Statutory Framework

The Protection of Personal Information Act 4 of 2013 (“POPI”) aims to regulate the collection and processing of “Personal Information” in South Africa. The Act was signed by the President and we now await the announcement of the commencement date. There has been some talks on POPI especially what the impact on certain businesses will be. The following should shed some light on the topic.

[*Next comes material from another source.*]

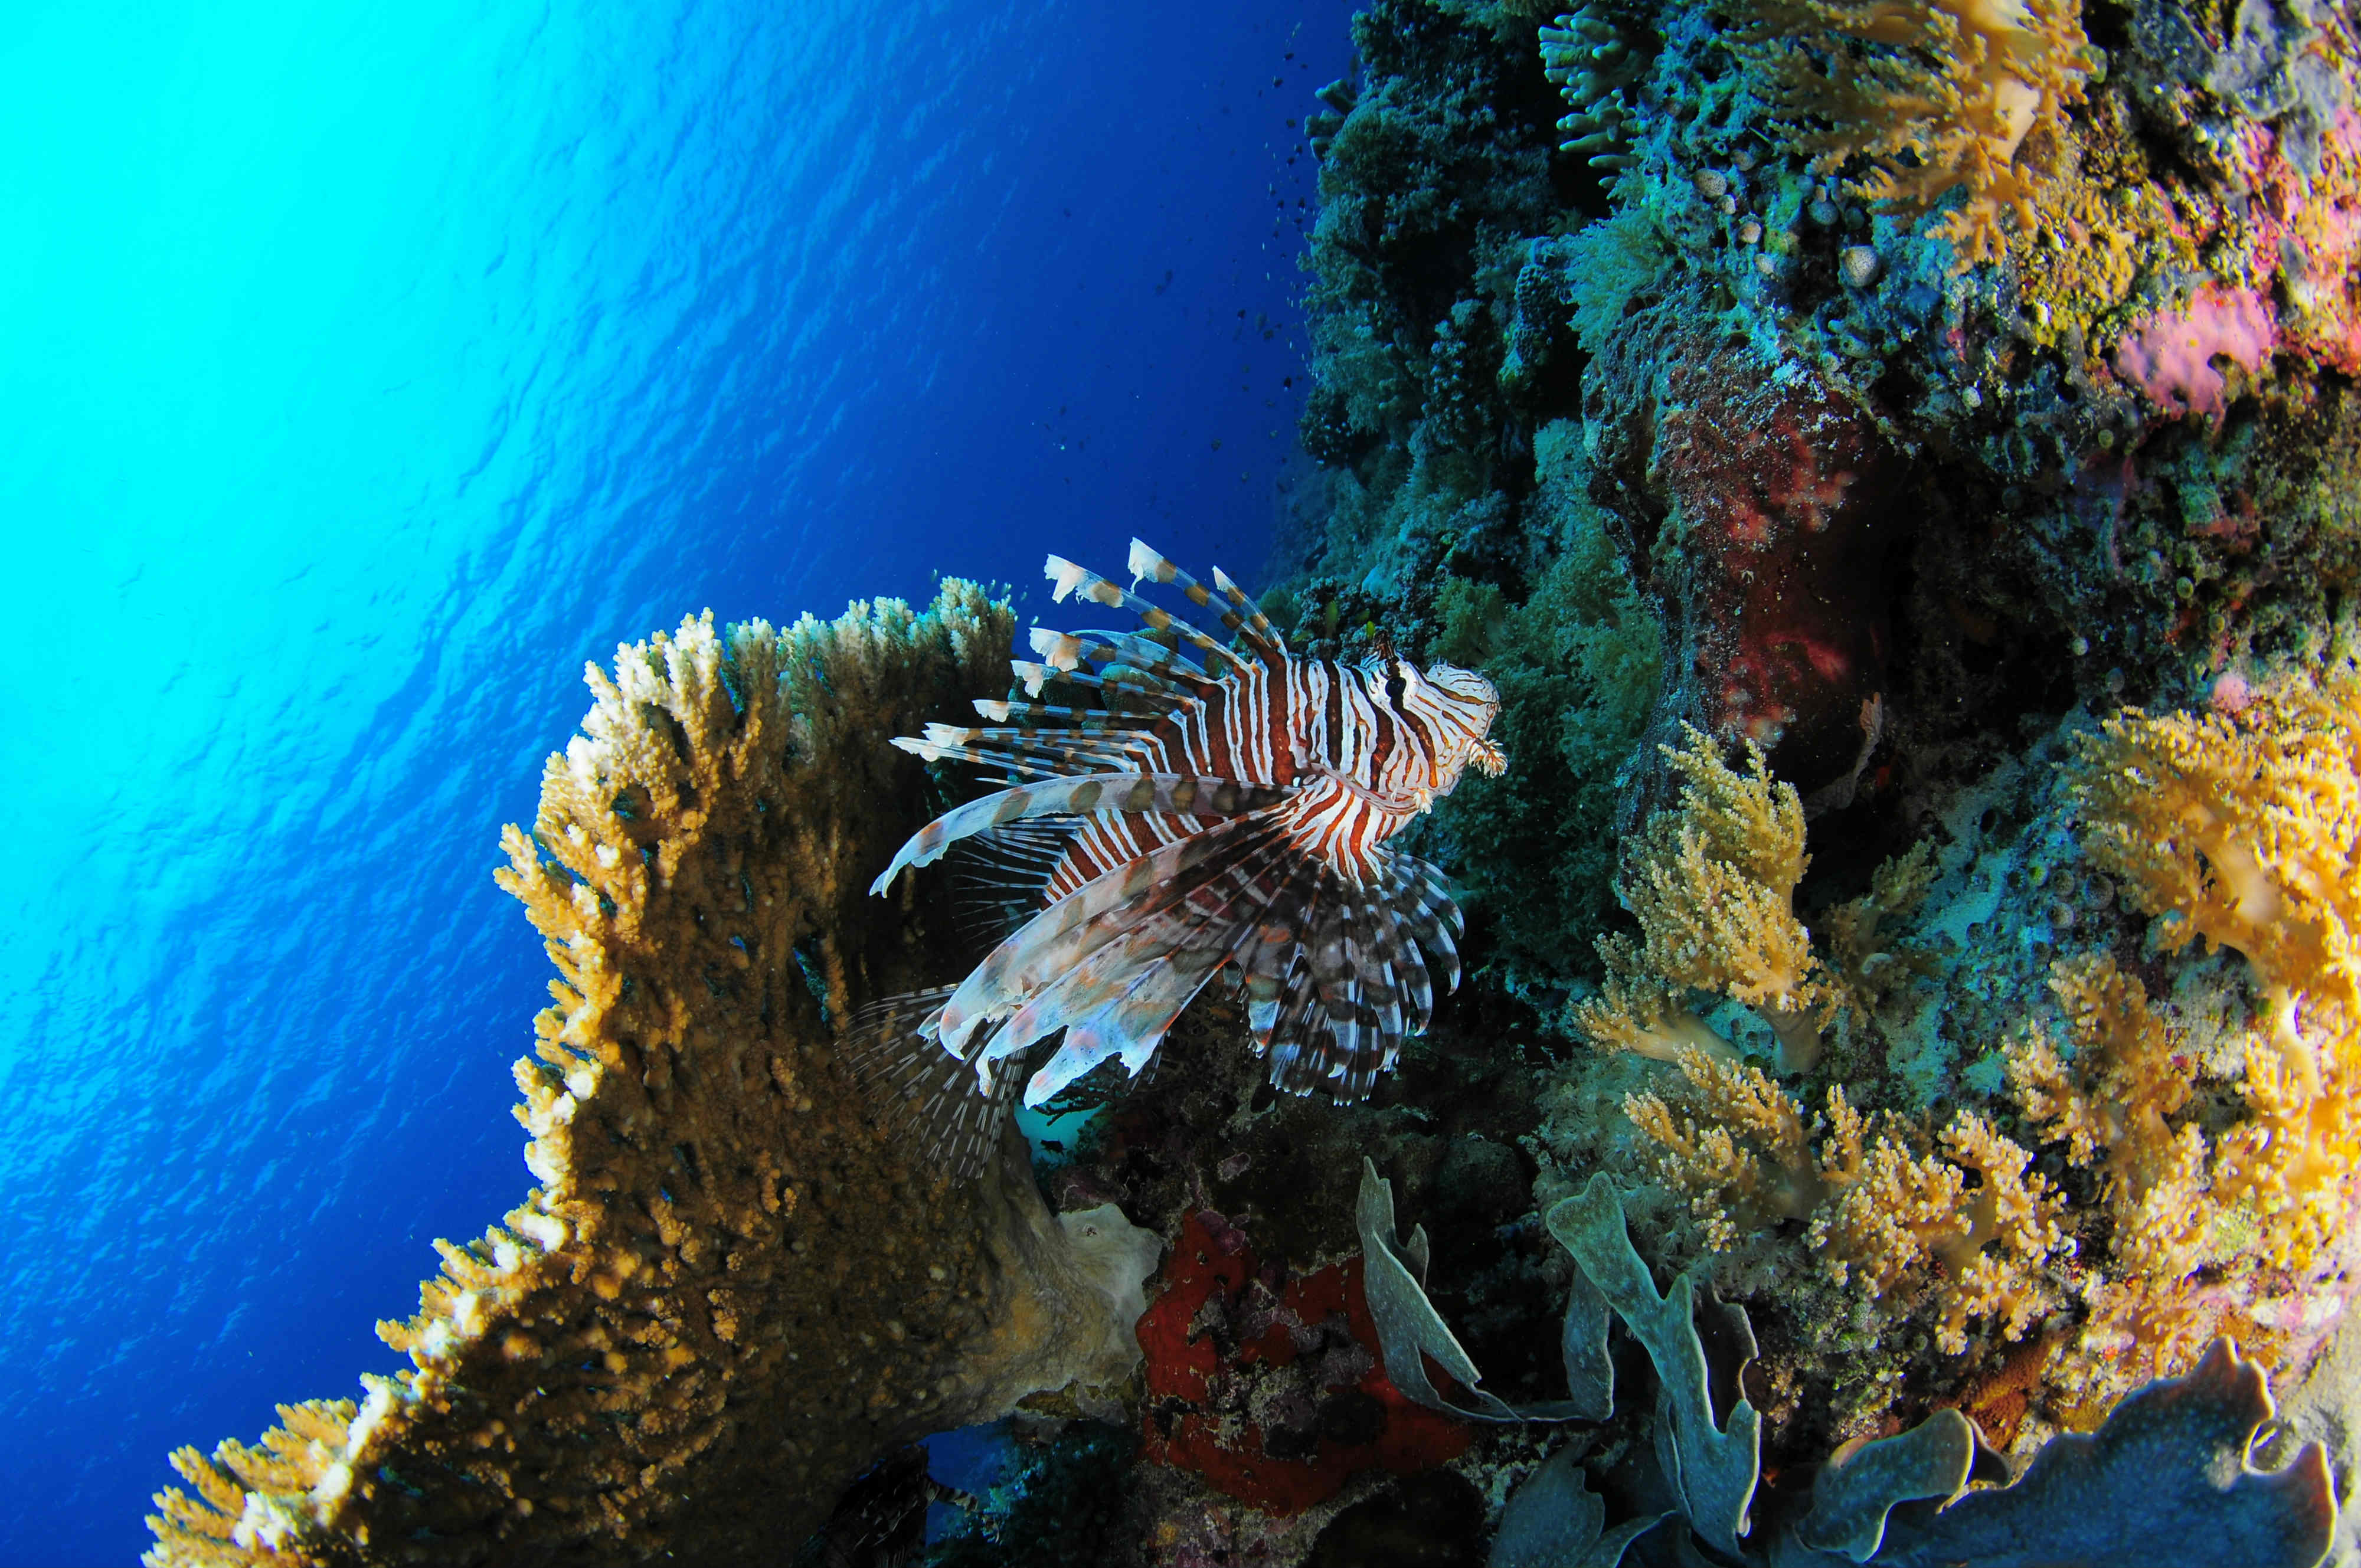 Coral Reef HD Wallpaper
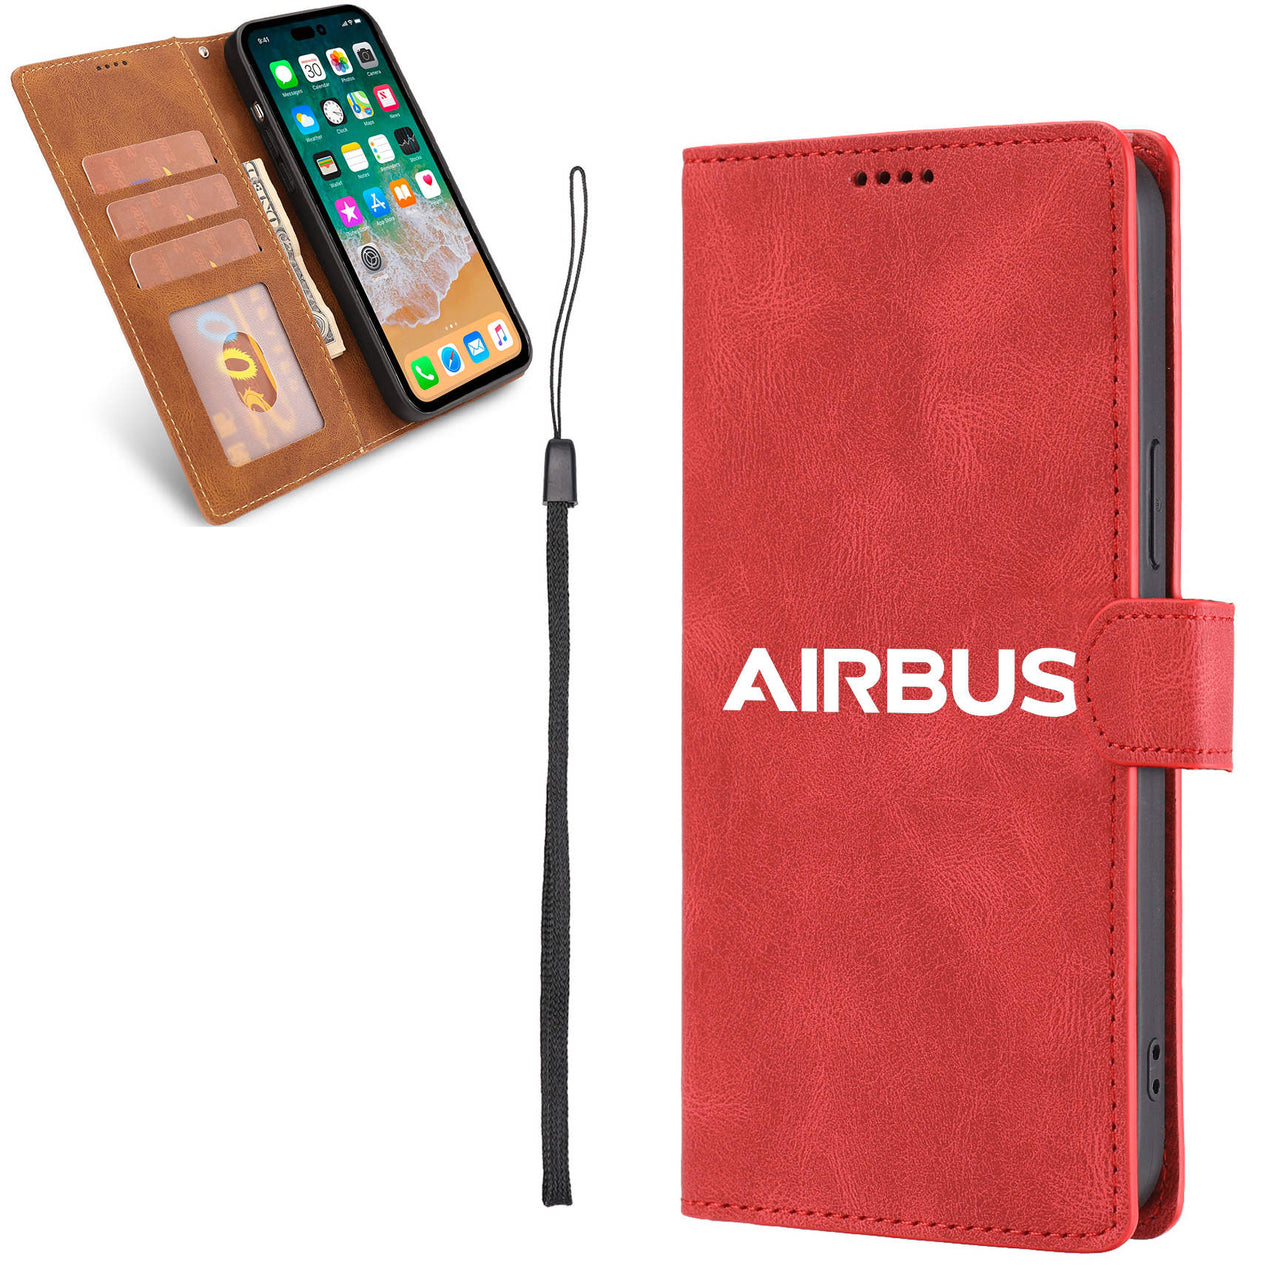 Airbus & Text Designed Leather iPhone Cases

“Personal Information” is defined in the Act as[1]:

‘‘personal information’’ means information relating to an identifiable, living, natural person, and where it is applicable, an identifiable, existing juristic person, including, but not limited to—

  1. information relating to the race, gender, sex, pregnancy, marital status, national, ethnic or social origin, colour, sexual orientation, age, physical or mental health, well-being, disability, religion, conscience, belief, culture, language and birth of the person;
  2. information relating to the education or the medical, financial, criminal or employment history of the person;
  3. any identifying number, symbol, e-mail address, physical address, telephone number, location information, online identifier or other particular assignment to the person;
  4. the biometric information of the person;
  5. the personal opinions, views or preferences of the person;
  6. correspondence sent by the person that is implicitly or explicitly of a private or confidential nature or further correspondence that would reveal the contents of the original correspondence;
  7. the views or opinions of another individual about the person; and
  8. the name of the person if it appears with other personal information relating to the person or if the disclosure of the name itself would reveal information about the person;

The Act Defines “Processing” as[2]:

‘‘processing’’ means any operation or activity or any set of operations, whether or not by automatic means, concerning personal information, including—

  1. the collection, receipt, recording, organisation, collation, storage, updating or modification, retrieval, alteration, consultation or use;
  2. dissemination by means of transmission, distribution or making available in any other form; or
  3. merging, linking, as well as restriction, degradation, erasure or destruction of information;


POPI goes further in Section 4 and provides the conditions for lawful possession of Personal Information. The conditions are:

  • Accountability – Make sure the responsible party knows the rights and obligations
  • Processing Limitation – Reason for possesion and manner of collection must be lawfull
  • Purpose Specification – Reason for collection must be lawfull
  • Further Processing Limitation – The reason for further processing must be in compliance with the provisions of POPI
  • Information Quality – Must take all reasonable steps to ensure that the Information is accurate and correct
  • Openness – Be open and trasparrent when collecting information
  • Security Safeguards – Sucure the information received
  • Data Subject Participation – Data Subjetc must be allowed to have access to the information held and correct same.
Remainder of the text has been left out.